Личным чувством наполнены стихи Пуш­кина «Воспоминания в Царском Селе» 1814 г.:

Края Москвы, края родные!

И вы их видели, врагов моей отчизны!

И вас багрила кровь и пламень пожирал!

И в жертву не принес я мщенья вам и жизни;

Вотще лишь гневом дух пылал!

В 1825 году выходят серии литографиро­ванных видов Москвы, исполненных по аква­релям О. Кадоля. Французский художник стремится показать новую Москву: отреставрированные башни Кремля, ампирные до­ма и подражающие Петербургу площади. На пустынном Тверском бульваре мы ви­дим модную петербургскую публику. Вспом­ним Гоголя: «В Петербурге, на Невском про­спекте, гуляют в два часа люди, как будто сошедшие с журнальных модных картинок, выставленных в окна, даже старухи с такими узенькими талиями, что делается смешно; на гуляньях в Москве всегда попадается в самой середине людной толпы какая-нибудь матуш­ка с платком на голове и уже совершенно без всякой талии» («Петербургские записки 1836 года»).

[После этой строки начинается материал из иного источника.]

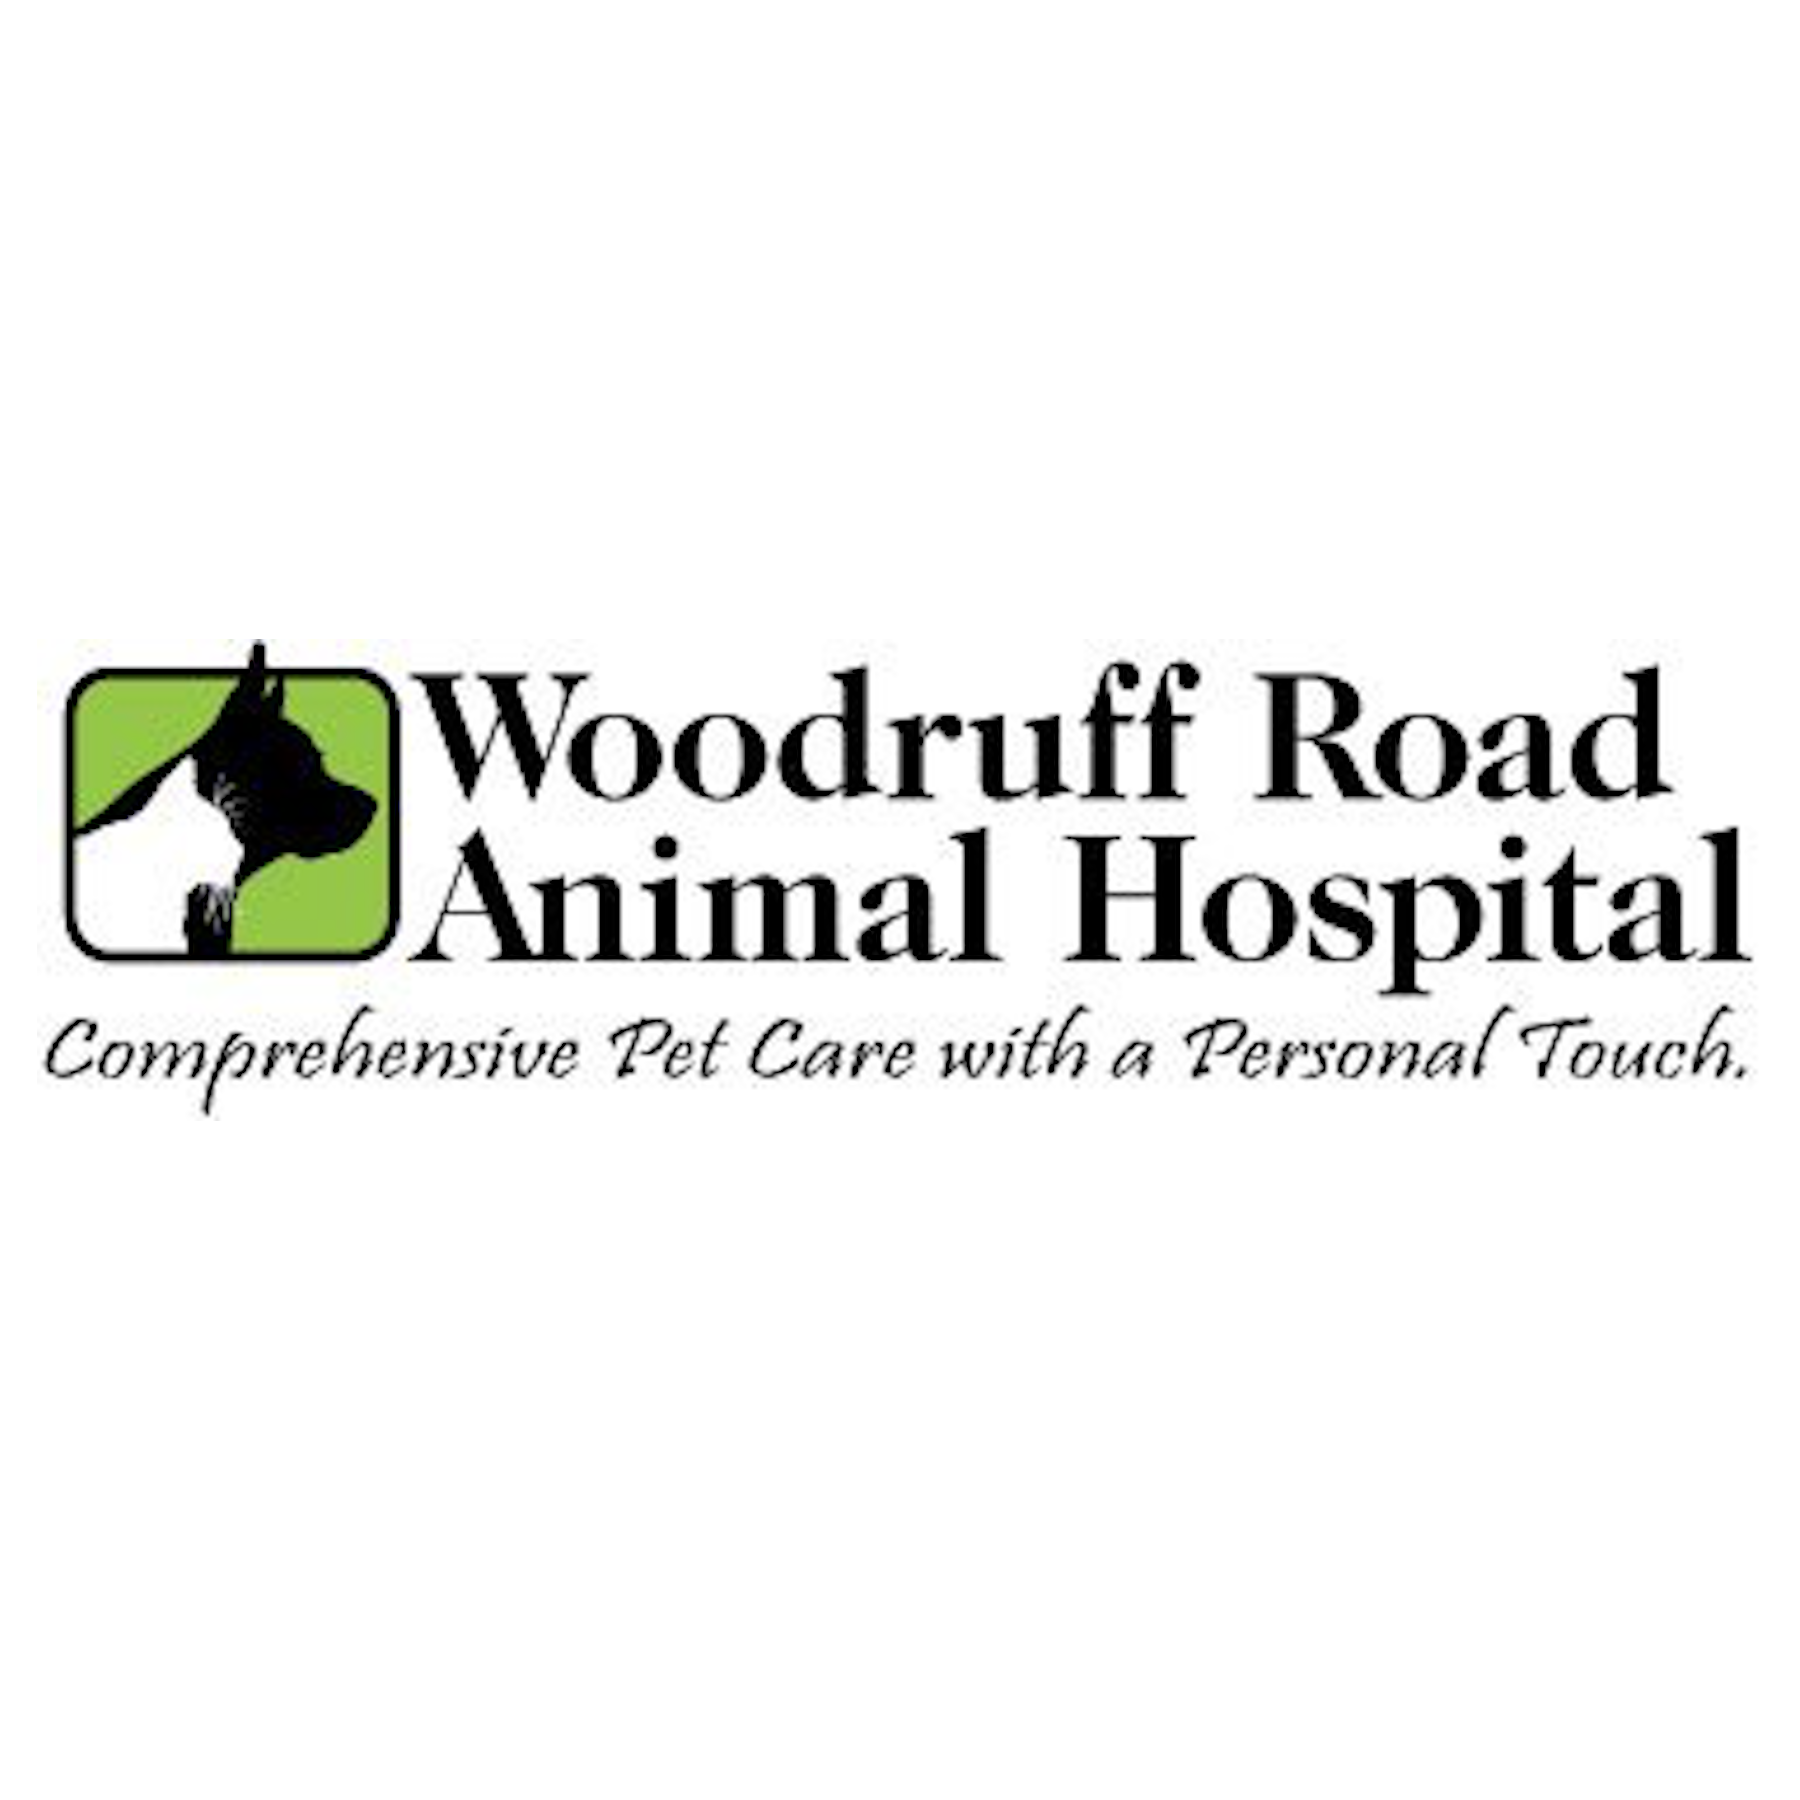 Woodruff Road Animal Hospital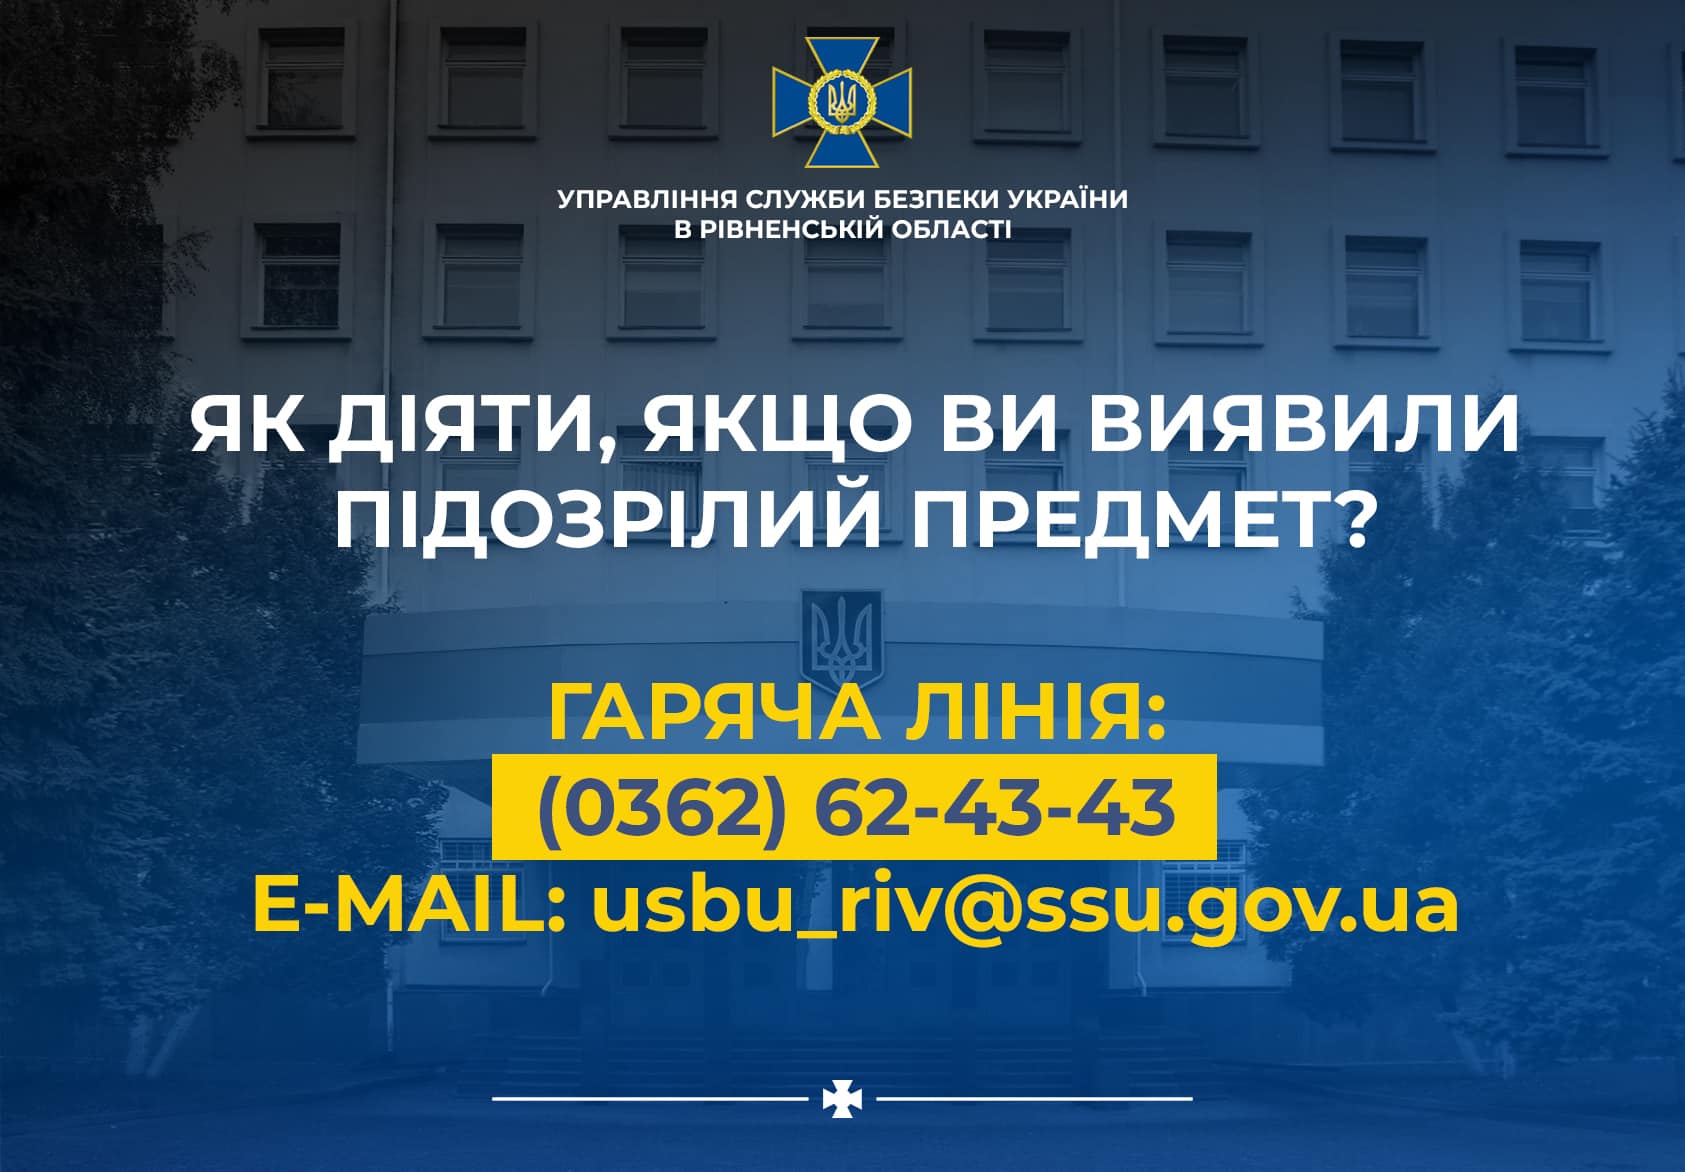 Рекомендації від СБУ Рівненщини: «Як діяти, якщо ви виявили підозрілий предмет?»

На французских литографиях все пригла­жено, подтянуто и совершенно лишено мо­сковского духа.

В 1830-х годах Москва европеизируется еще больше. Немецкий живописец Э. Гертнер, чтобы передать своеобразие Москвы, показы­вает исторические ценности: Кремль, Камен­ный мост, Красную площадь, Покровскую церковь. Выполненные по оригиналам Гертнера литографии совершенны с точки зрения передачи архитектуры, но сухи и не живо­писны. Лишь в случайных деталях проскаль­зывает московская непосредственность: оди­нокая фигура дворника с метлой на Красной площади; семья Олсуфьевых перед колоколь­ней Ивана Великого в Кремле.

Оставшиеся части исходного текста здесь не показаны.